Accounts receivable financing: As the name implies, this type of lending can help you manage your cash flow effectively by relying on your accounts receivable. This line of credit gives you cash that will be later be paid off as soon as your clients pay you. The amount of this loan is variable as is its interest rate. Everything depends on the small business’s accounts receivable level.
Small business line of credit: If your company’s cash flow is suffering and you need extra cash to cover unexpected expenses, this type is ideal for your situation. Your company can access needed funds with a cap (e.g. $50.000) and you don’t have to pay interest before the moment you decide to use it. Τhen, typically there is a monthly interest rate and the amount you draw down is being amortized over years. However, this line of credit has a setup fee which is typically charged annually after the required renewal.
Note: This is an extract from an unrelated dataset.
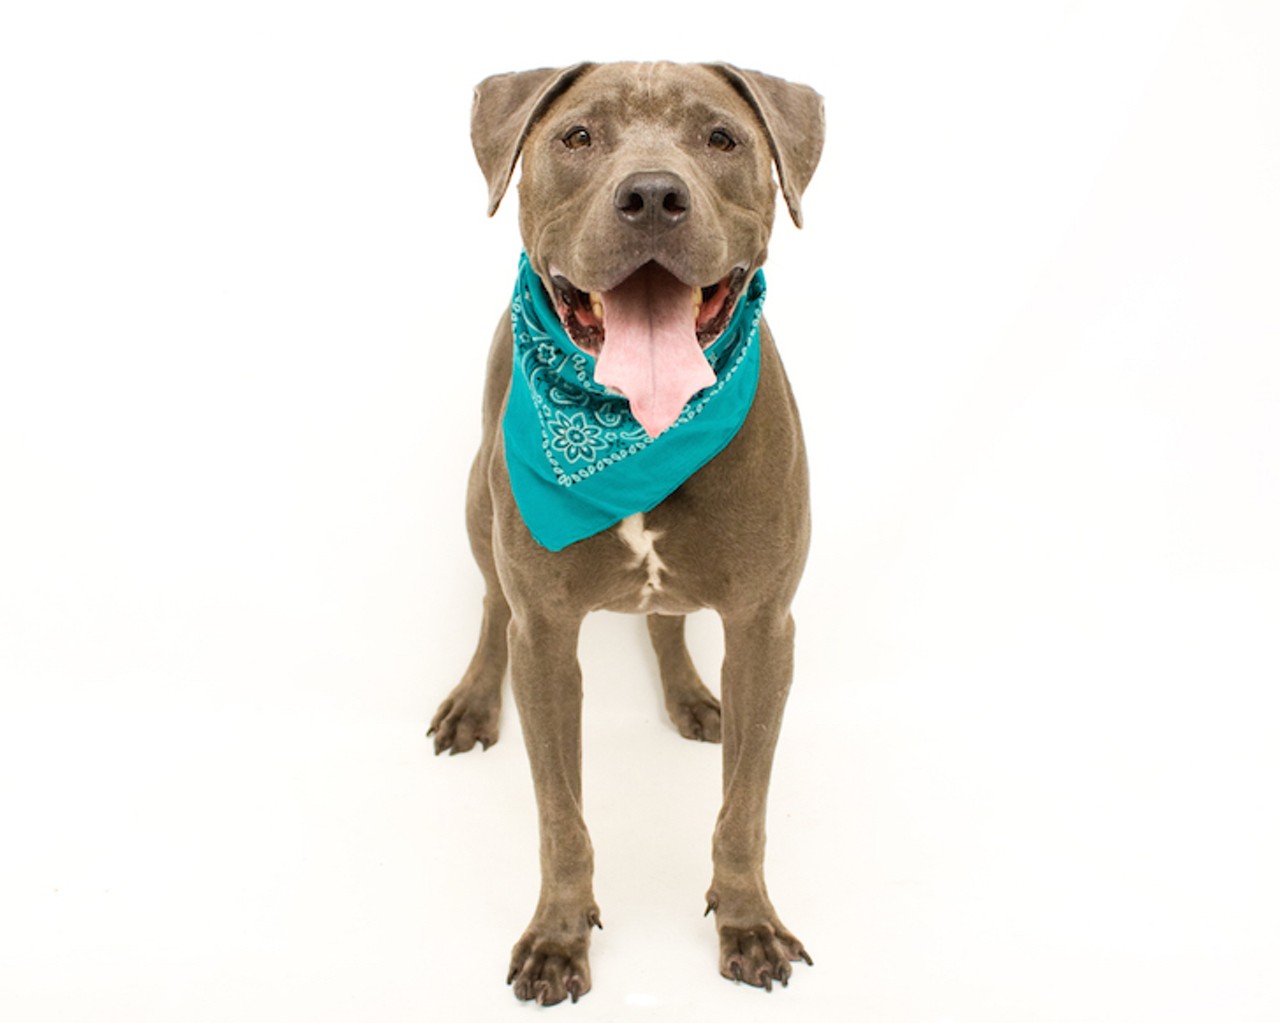 21 adoptable dogs ready to meet you at Orange County Animal Services

If you don’t wish to renew the line of credit, you have to pay the full amount immediately.
Equipment loans: If you need cash to replace old and rusty machinery, update your company software, or buy vehicles, your small business could benefit from an equipment loan. Typically, you need to pay 20% of the expense up front and the loan is secured by the equipment. The loan’s interest is usually paid on a monthly basis and the principal over a 2-4 years period. Finally, equipment loans range between $5.000 to $500.000 and can also be converted into leasing contracts.
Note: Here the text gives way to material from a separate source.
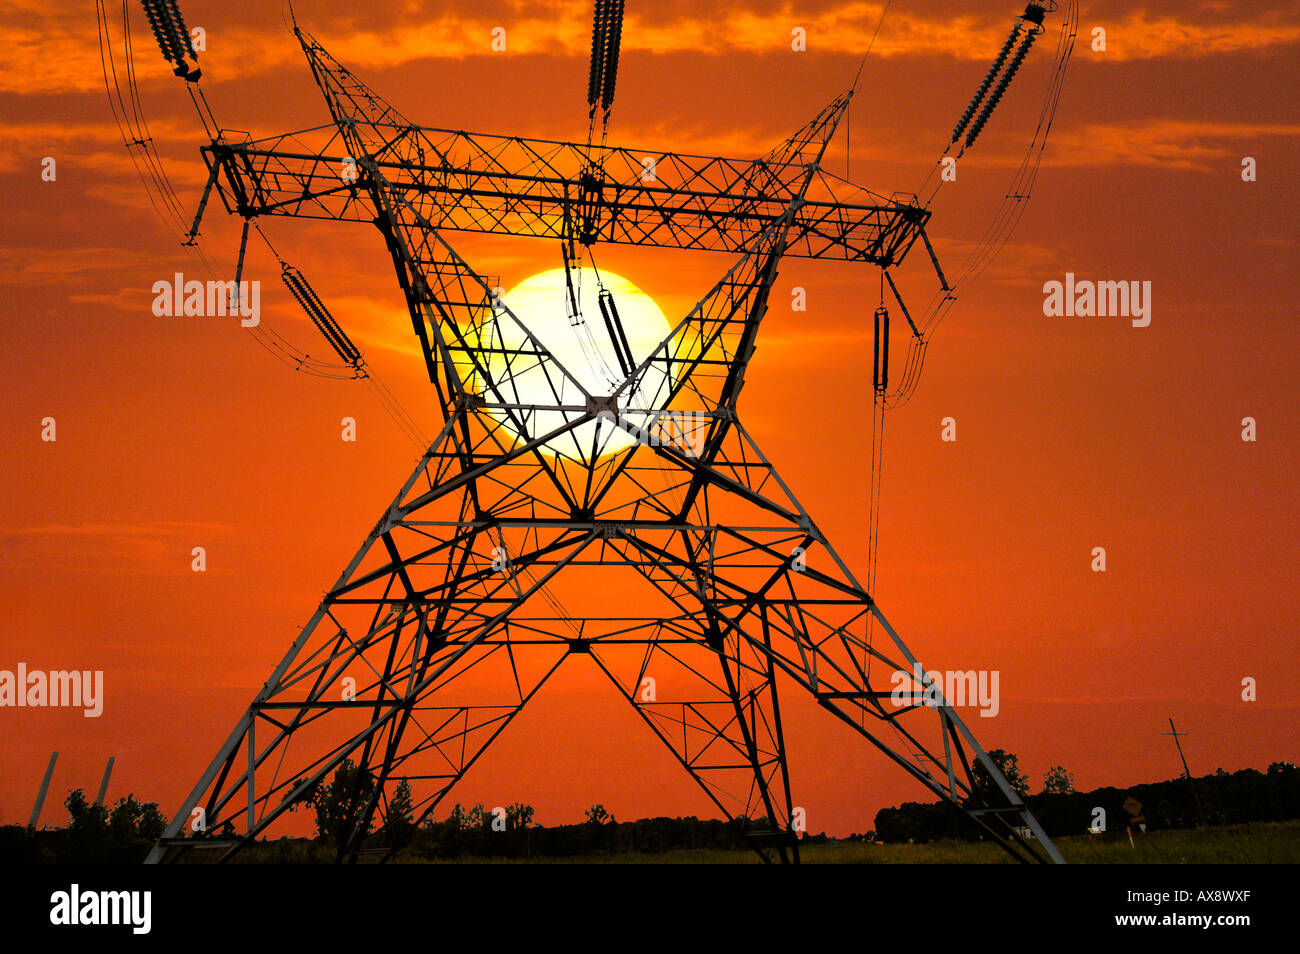 Power lines against a setting sun Stock Photo

Small business credit cards: Apart from the small business loan solution, you can also choose to get a credit card as a kind of small business financing. Interest rates vary per case, the credit card’s limit and the business owner’s reliability and credit profile. Lending institutions that issue credit cards for small businesses include American Express, Bank of America, and many others located in the U.S. This way you can make purchases of relatively small amounts, pay off in installments and enjoy the benefits of a reward program that most credit cards offer! Bonus point: Small business credit cards usually offer attractive interest rates and sometimes 0% for the 1st year or so.
Step #4 Research online business loans options
Apart from the traditional form of financing via the banking system, you can also get the needed funds from online sites.
The obvious advantages of such choice are the easiness of applying and the compressed time in which the whole process takes.
Swift Capital is one of the best and most reliable companies that offer loans online such as working capital loans and short-term loans that range from $5.000 to $500.000 in affordable interest rates. Also, you can check out Fundera and LendingTree which enable you to apply to multiple lenders via one simple process that does away with repetitive and tedious paperwork!
Step #5 Have your financial statements in check
Before applying for a loan, you need to be ready for the lender’s assessment that will ultimately determine whether you’re going to get financing or not.
Your financial statements and accounting records have to be as neat and correct as possible because they will be scrutinized by the lender. Financial statements that will be reviewed include your company’s balance sheet, cash flow statement and income/loss statements.
By analyzing those statements, the lender will draw conclusions on your ability of repayment. Therefore, it’s important to have your accountant check them beforehand so as to avoid complications.
Applying for a small business loan can be a stressful process, especially if it’s the first time. Always remember to keep your book-keeping “clean” and ask for an accountant’s perspective before going to a lending institution.
Assess your company’s financing needs and choose the right type of small business loan that will properly address your cash requirements. Then, all you have to do is provide the lenders with a thoroughly thought plan on what you wish to invest the money into.